If we look in Baby Rudin we find the integral as:
Common value of:
$$\overline{\int_{a}^{b}}f \ dx =  \inf U(P,f) \quad, \qquad
\underline{\int_{a}^{b}} f  \,dx =  \sup L(P,f)
$$
if these values exist and are equal. Here the $\inf$ and $\sup$ are taken over all partitions, where we have, in the above:
$$ U(P,f) = \sum_{i=1}^nM_i\Delta x_i  \quad, \qquad
L(P,f) = \sum_{i=1}^nm_i\Delta x_i
$$
where $m_i$ and $M_i$ are the $\sup$ and $\inf$ of $f$ on each respective subinterval. 
When we calculate integrals, we dont see anything like this, and even when calculating Riemann sums, we put $\Delta x_i = \frac{b-a}{n}$ and let $n \to \infty$. 
Question: How does this sum align with Rudins definition? This is supposed to be the $\inf$ over all partitions, how does fixing $\Delta x_i = \frac{b-a}{n}$ and letting $n \to \infty$ allow me to garantee that this infinite sum equals that $\inf / \sup$?. Also in calculations, people fix a point as the (often) rightmost point in that interval, but that is not the $\sup$ over that interval!! Whats going on here?
 A: I would advise you to look at this answer and carefully read both definitions $1$ and $2$ of Riemann integral and also the link of the integral with Darboux sums. The definition of Riemann integral which we use to calculate integral of functions like $x^{2}$ is based on Definition 2. And we take a partition whose sub-intervals are of equal length and form a Riemann sum and take its limit as the number of sub-intervals tends to $\infty$.

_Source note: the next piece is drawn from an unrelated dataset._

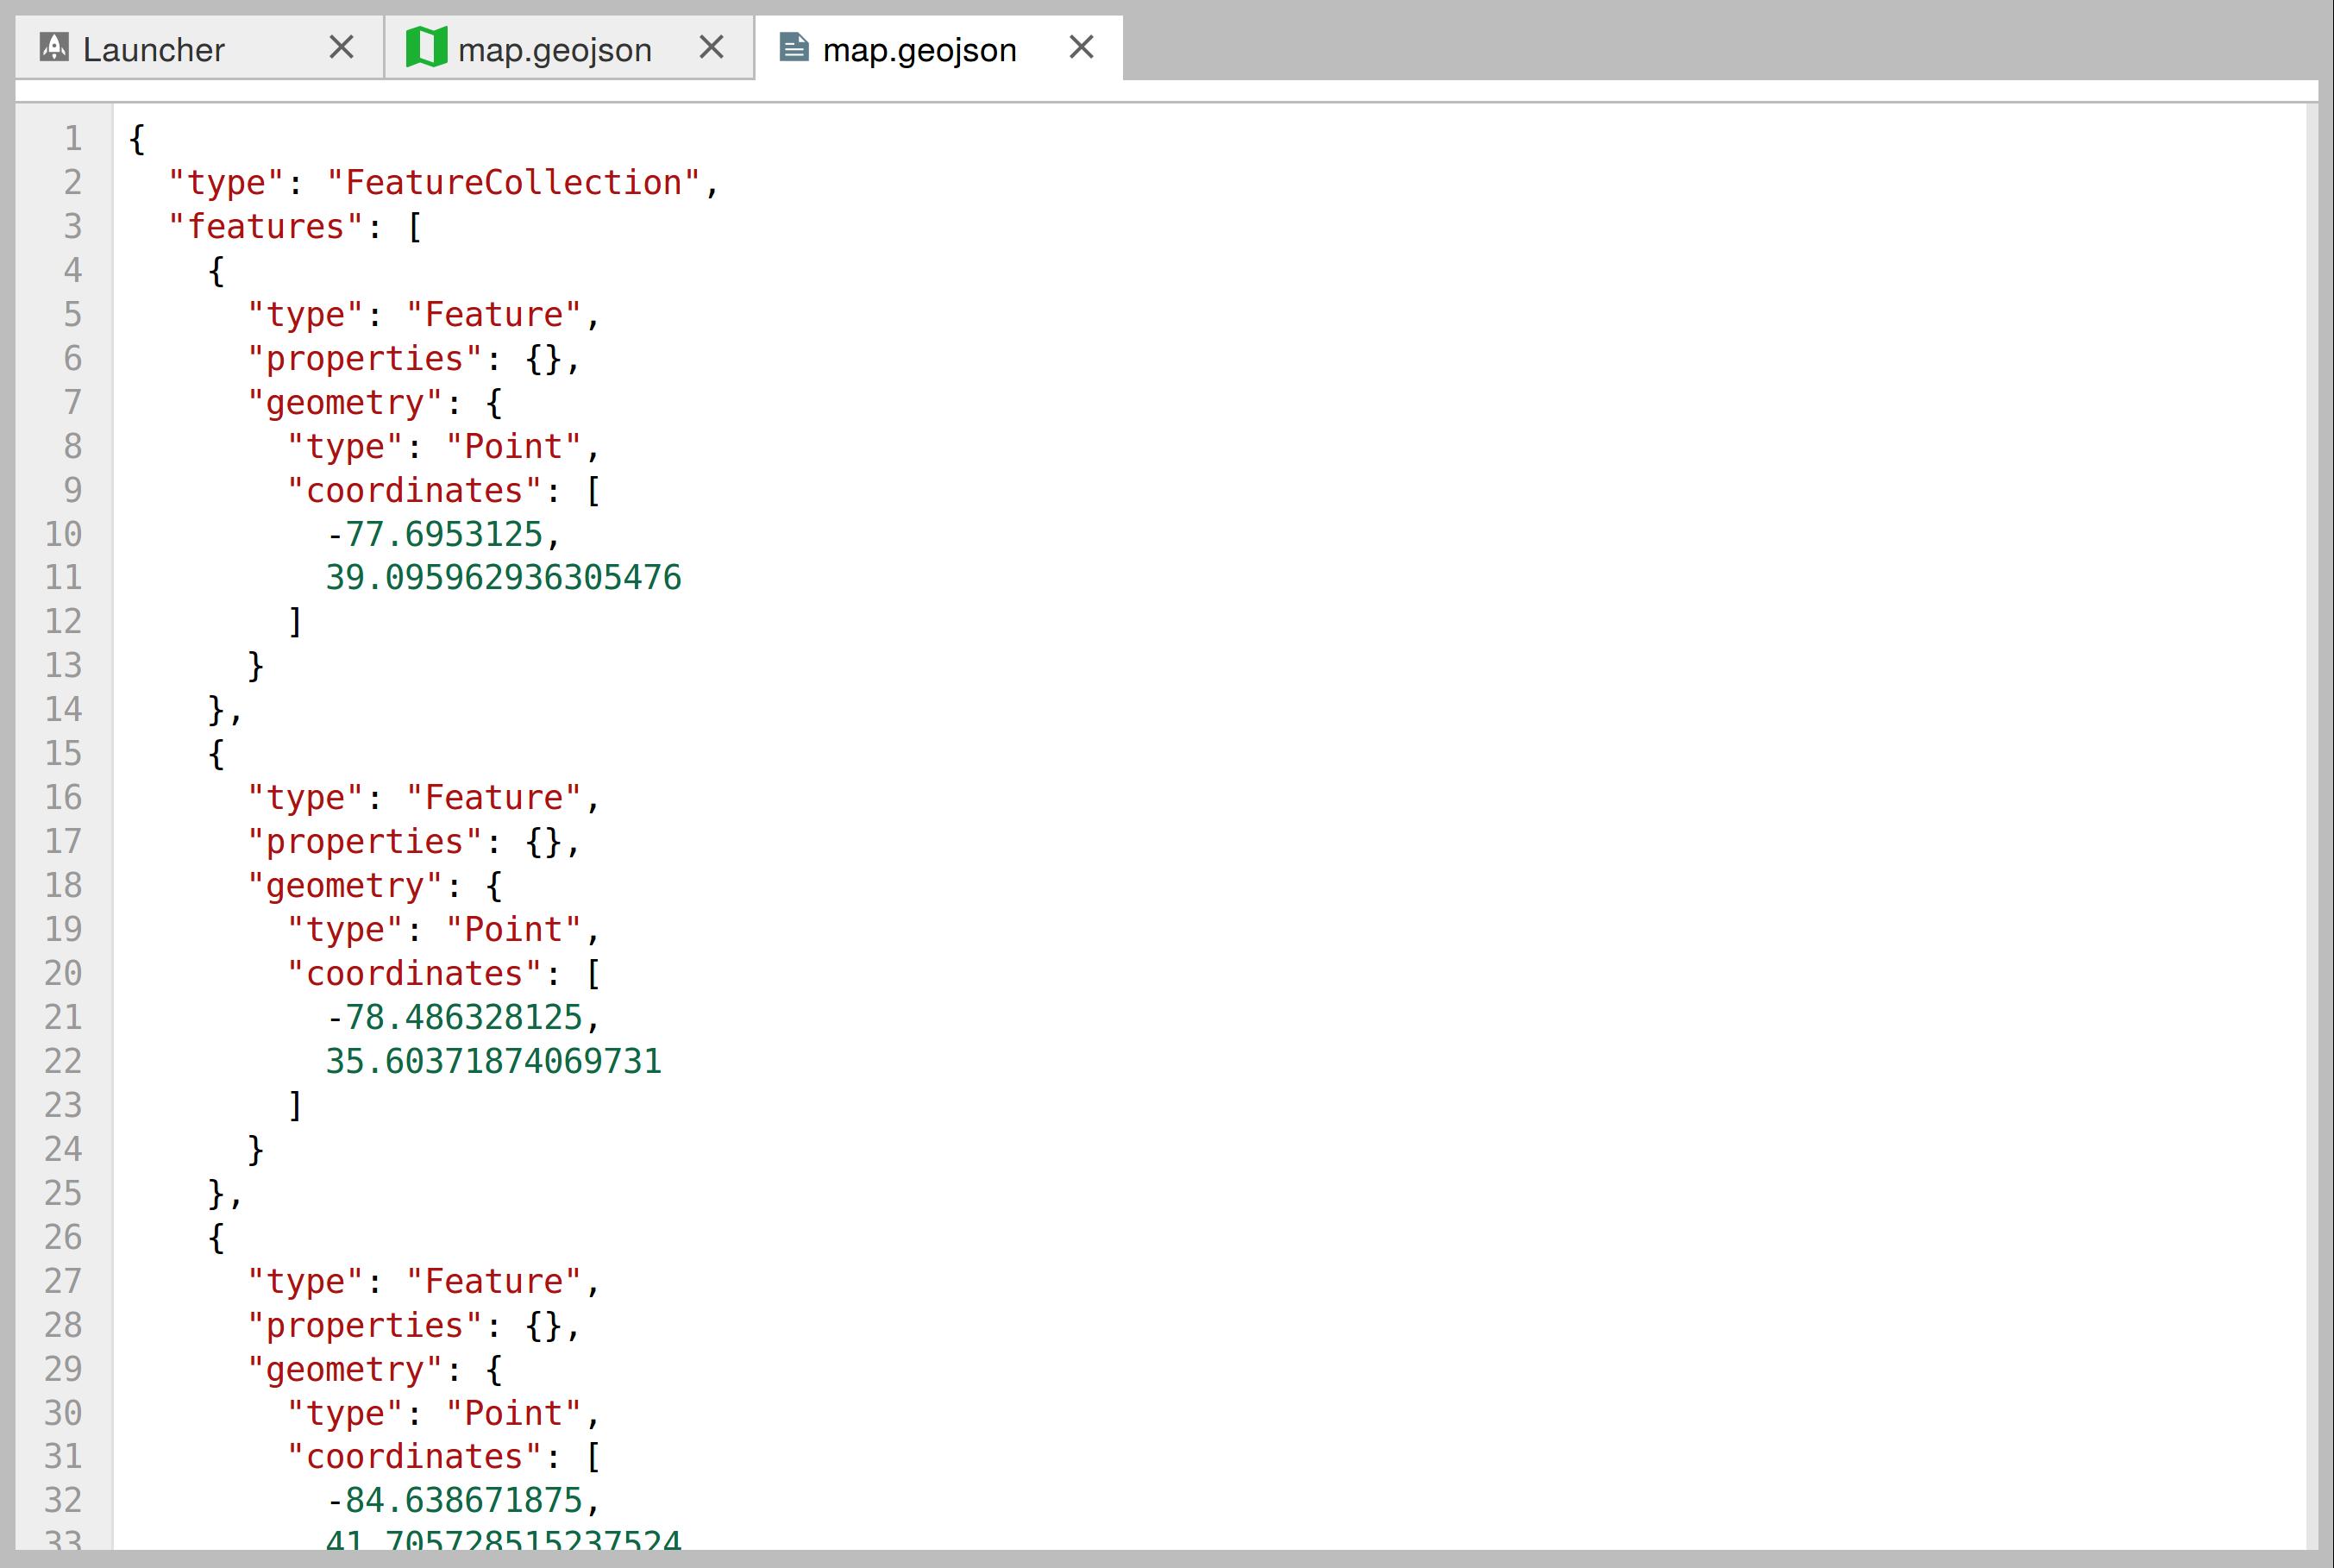 Editing a GeoJSON file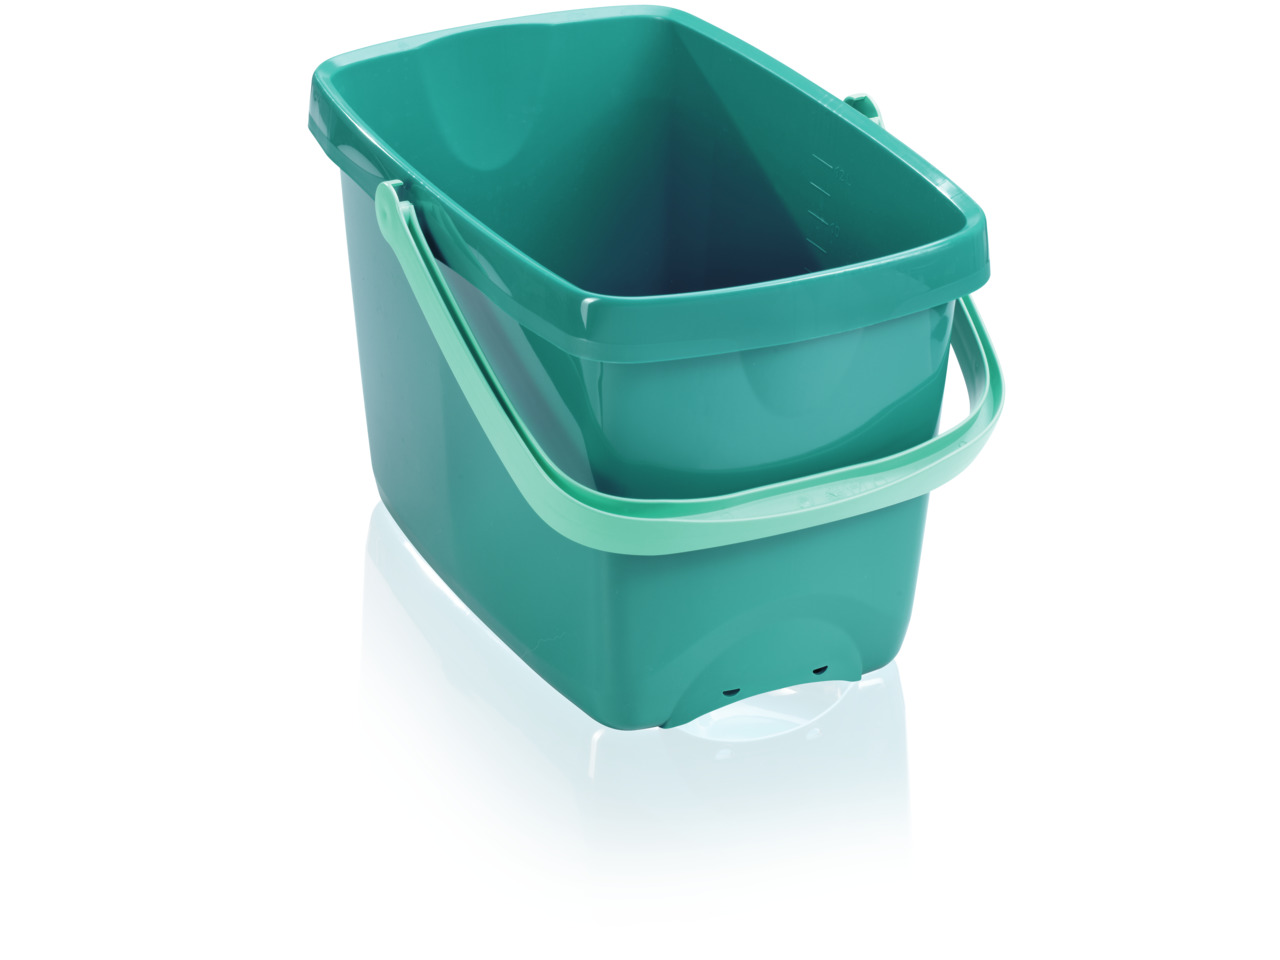 LEIFHEIT 52000 Bucket Combi

Baby Rudin does not handle the topic of Riemann integrals nicely and I would also advise you to consider studying Apostol's Mathematical Analysis on which my linked answer is based. In case you don't have a copy of Apostol's book, then you may also have a look at my blog posts on Riemann integral (which are also based on Apostol's book). You have to understand the link between a Darboux sum and a Riemann sum and the linked answer tries to provide some details in that direction.
A: Indeed, using that definition of the integral would drive most mathematicians insane. Fortunately, there is that wonderful theorem called "the Leibniz-Newton formula" ($\int _a ^b f = F(b) - F(a)$ whenever $F' = f$), which tells us that computing a Riemann integral is the same as computing an antiderivative and evaluating it in the endpoints. Now you are in the position to understand why it is cherished as one of the most important theorems in mathematics.
If the Lebniz-Newton formula does not easily lead to a result, we usually combine it with various properties of the Riemann integral, such as the one describing how it changes under diffeomorphisms (we call this a "change of variables").
By now, you should have understood what we do: we define the concept of "definite integral" based upon Riemann or Darboux sums, prove some practical properties using it, and then use these practical properties in concrete problems, not the original concept itself.